Sementara itu, Terminologi organisasi Massa adalah organisasi yang mengedepankan pada jumlah massa, dipimpin oleh seorang pemimpin karismatik yang sekaligus sebagai patron dalam organisasi tersebut. Berbeda dengan organisasi kader, dalam kebanyakan organisi massa tidak memiliki konsep pendidikan yang berjenjang. Untuk itu organisasi massa tidak meniti beratkan pada pembentukan fondasi kesadaran kuat. Namun lebih mengikuti arahan pemimpin karismatik.

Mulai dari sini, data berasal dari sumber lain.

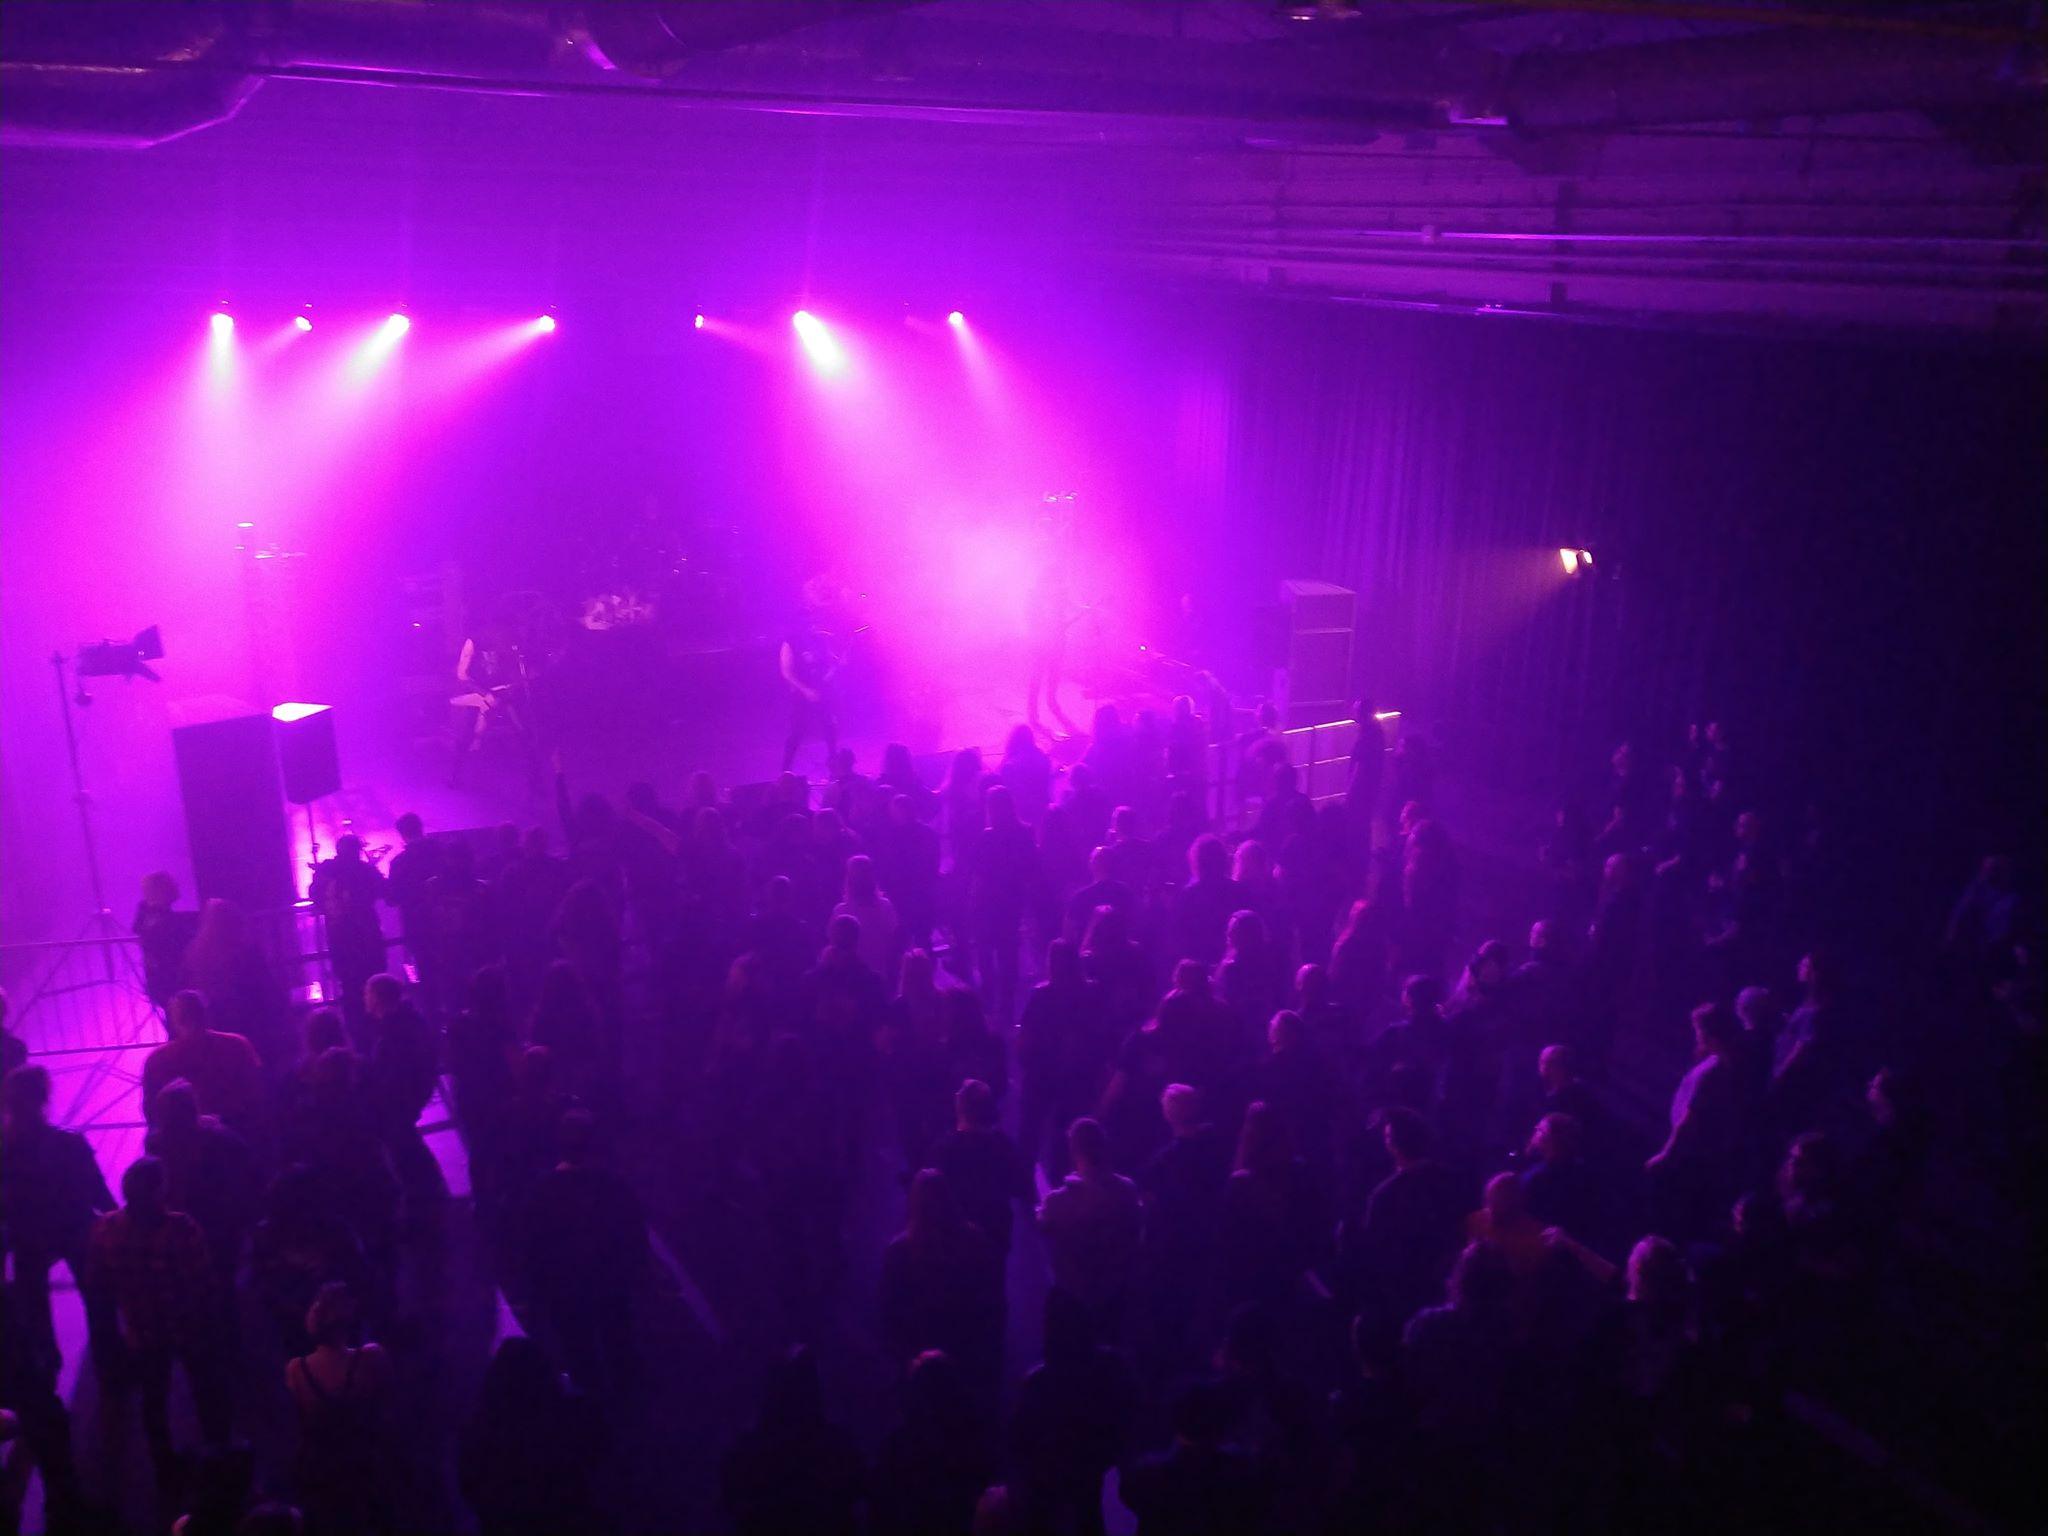 Valotekniikka konsertti

Dari dua definisi tersebut, nampaknya KMHDI lebih cocok disandingkan sebagai organisasi Kader. sebagai organisasi kader KMHDI mempunyai sistem pendidikan yang dilaksanakan secara berjenjang mulai dari MPAB, KT 1, KT 2, KT 3, DMO, DIKLAT, dan TOT. Setiap jenjang pendidikan kesemuanya memiliki output atau capaian masing-masing. Misal pada MPAB capaianya adalah memberikan pengenalan dasar terkait organisasi kepada calon kader KMHDI, kemudian KT 1 capaianya adalah Ideologisasi nilai dan tujuan organisasi dan pun tahapan-tahapan lainya juga memiliki capaian.
Pelaksanaan tingkatan pendidikan inilah yang kemudian menjadi alat untuk membentuk fondasi karakter, pola pikir, kesadaran, serta perilaku kader-kader KMHDI sebagai modal untuk mewujudkan tujuan organisasi KMHDI, dalam hal ini adalah Purwaka KMHDI. Sementara jika memilih organisasi Massa, maka pembentukan fondasi kesadaran kader-kader KMHDI susah untuk terwujud lantaran tergantung pada arahan pemimpin.
Untuk itulah kesadaran bahwa KMHDI adalah organisasi kader harus dipupuk oleh setiap kader serta pengurus KMHDI. Alasan-alasan untuk memundurkan kalender kaderisasi, terlebih dengan alasan jumlah peserta sedikit perlu dipikirkan ulang.